Would you return exactly the lines below from the line with "PlayStation Plus on" through the line with "2014 Land Rover", both included, and nothing else, leaving out the pictures?

── Source data ──

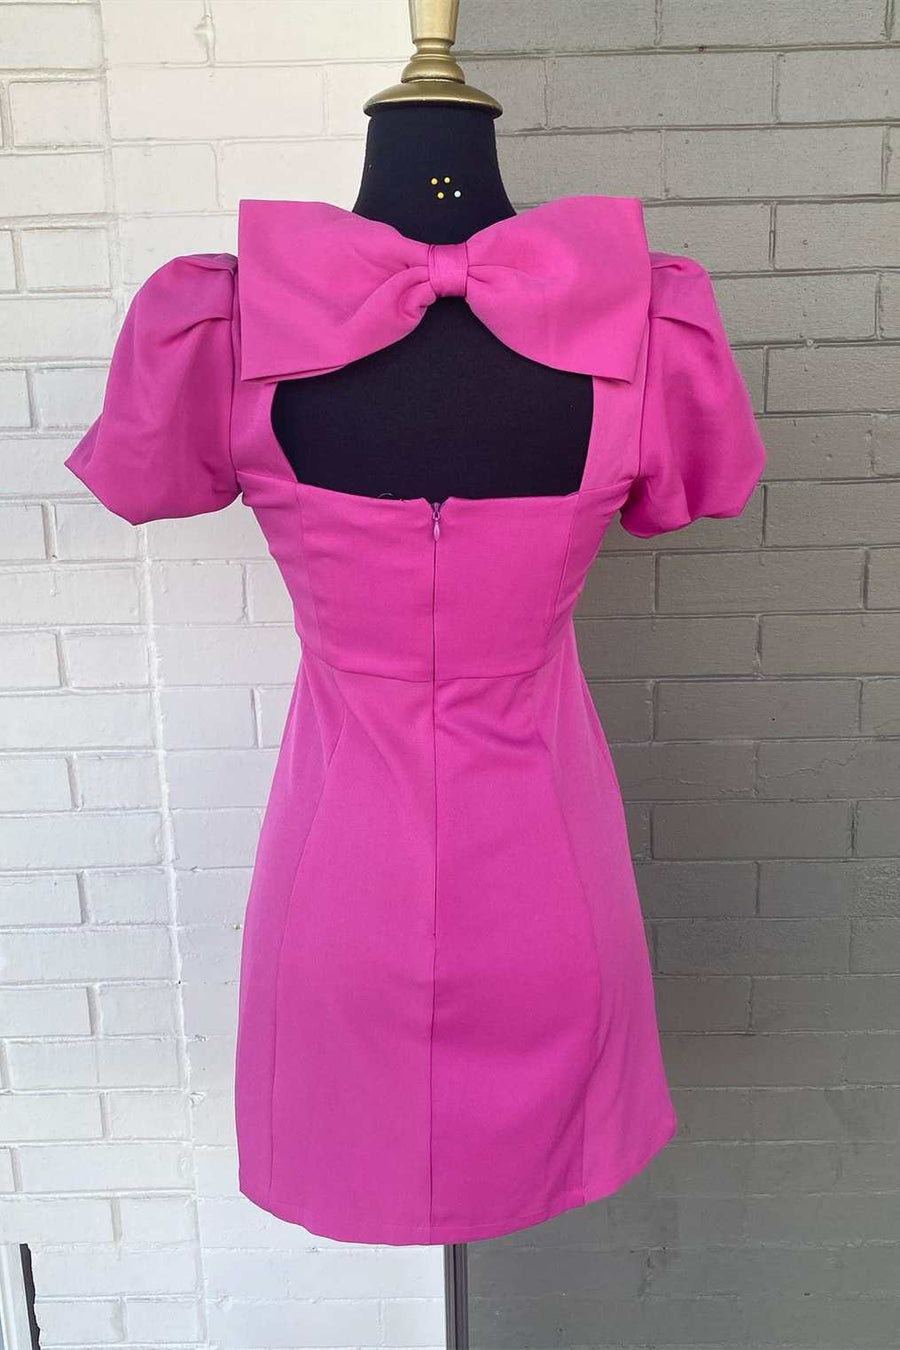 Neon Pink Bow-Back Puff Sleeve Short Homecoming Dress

───
── Source data ──

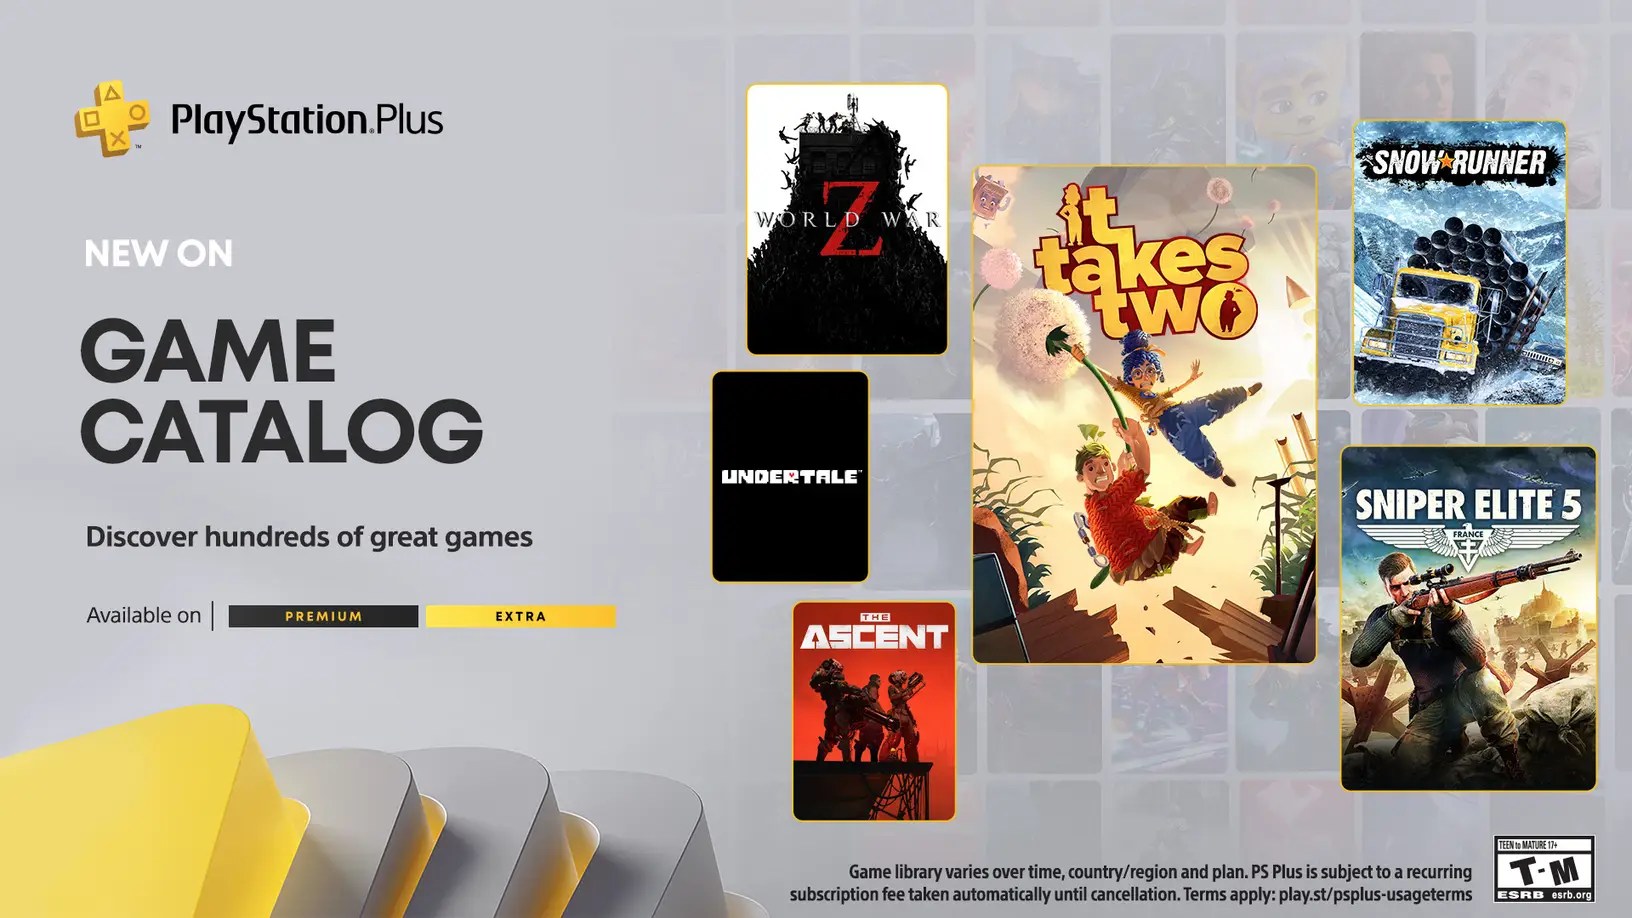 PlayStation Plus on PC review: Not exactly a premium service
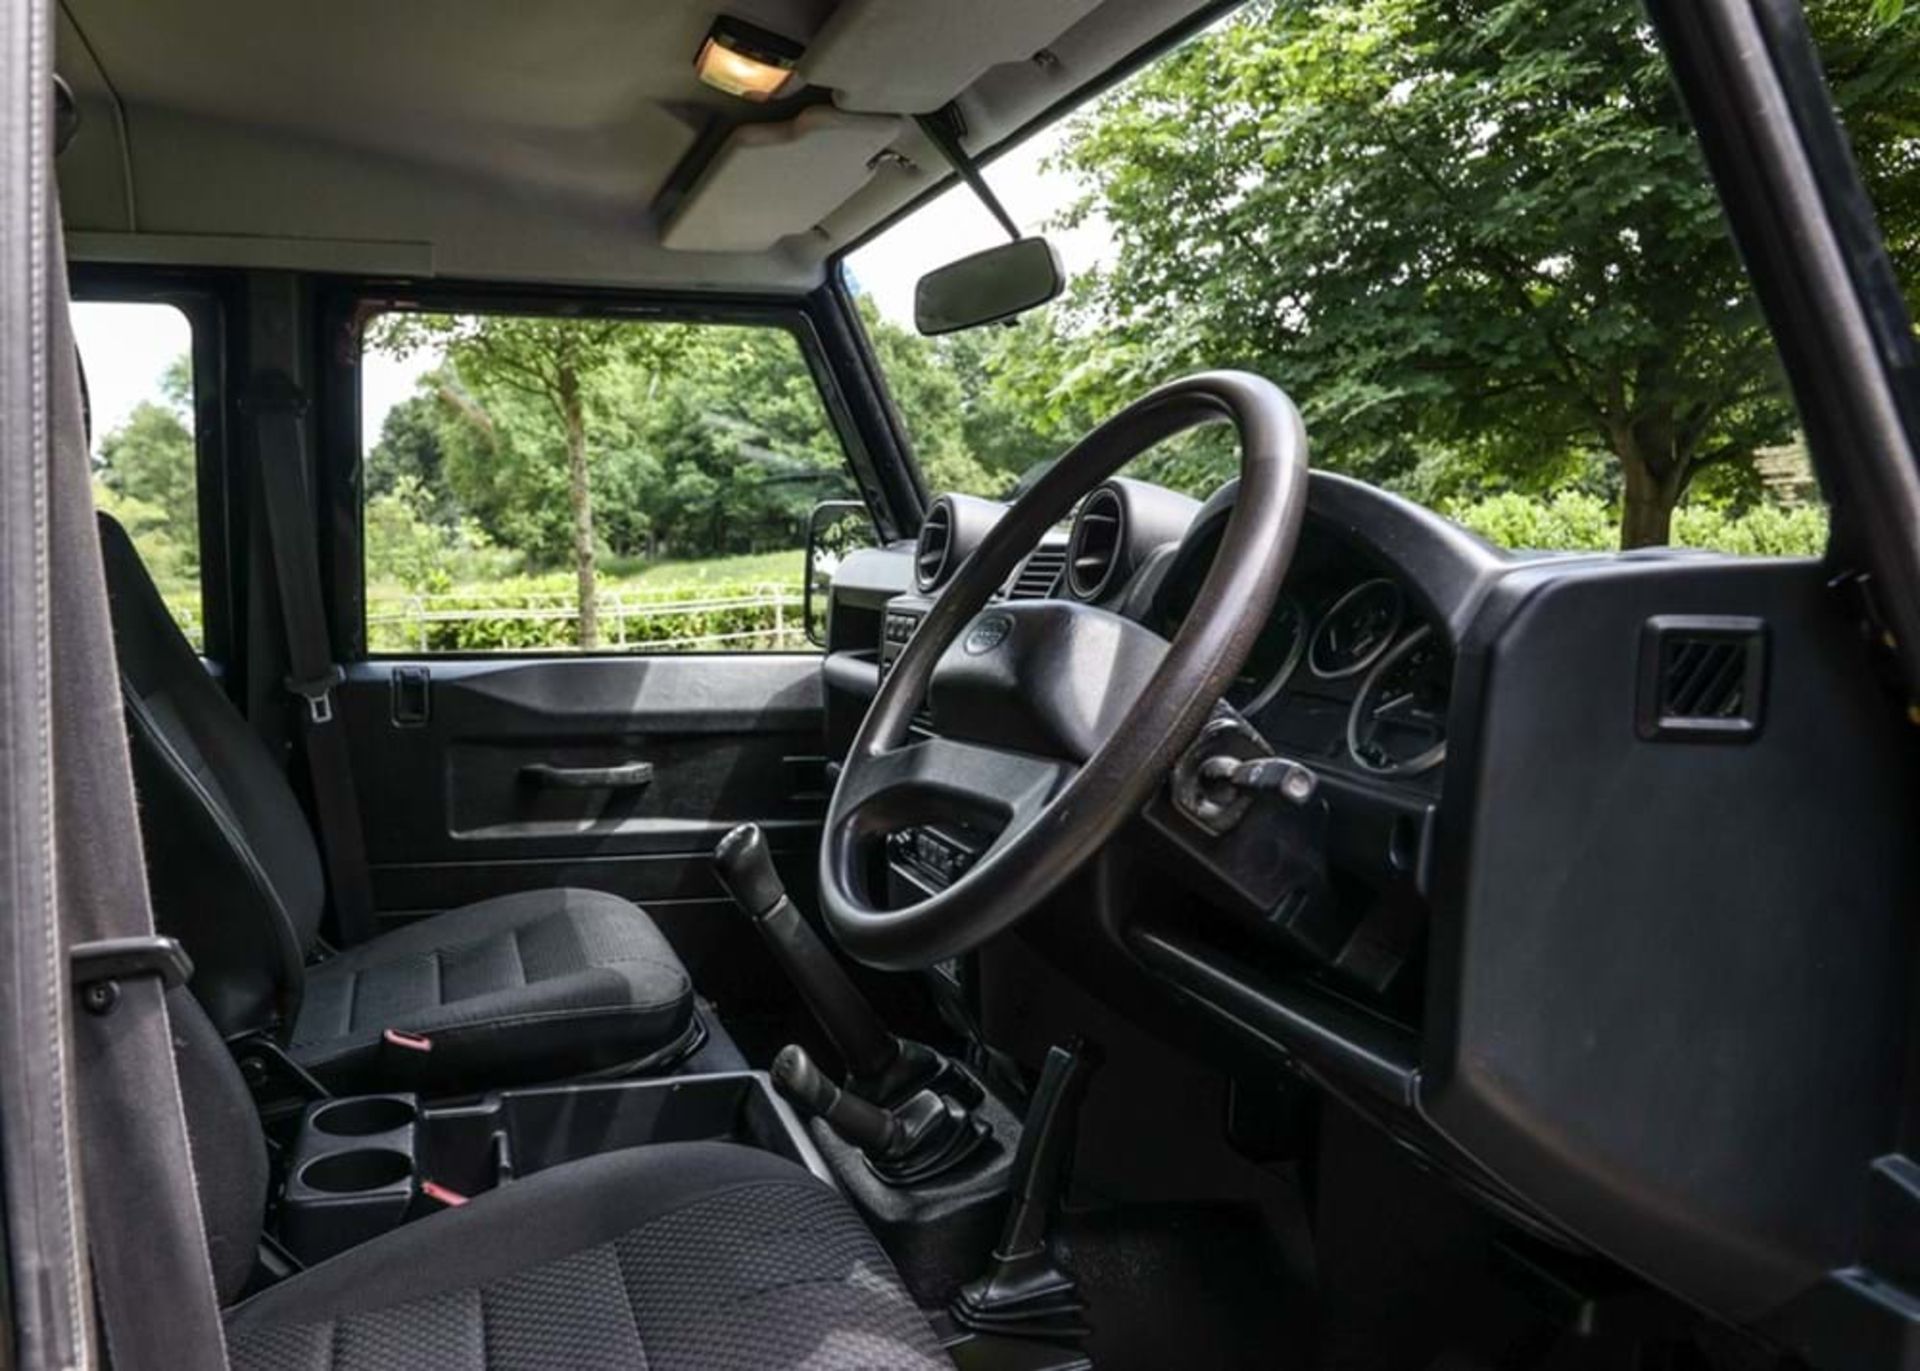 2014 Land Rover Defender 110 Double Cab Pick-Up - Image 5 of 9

───

* **Reply to the exercise**
 PlayStation Plus on PC review: Not exactly a premium service
 2014 Land Rover Defender 110 Double Cab Pick-Up - Image 5 of 9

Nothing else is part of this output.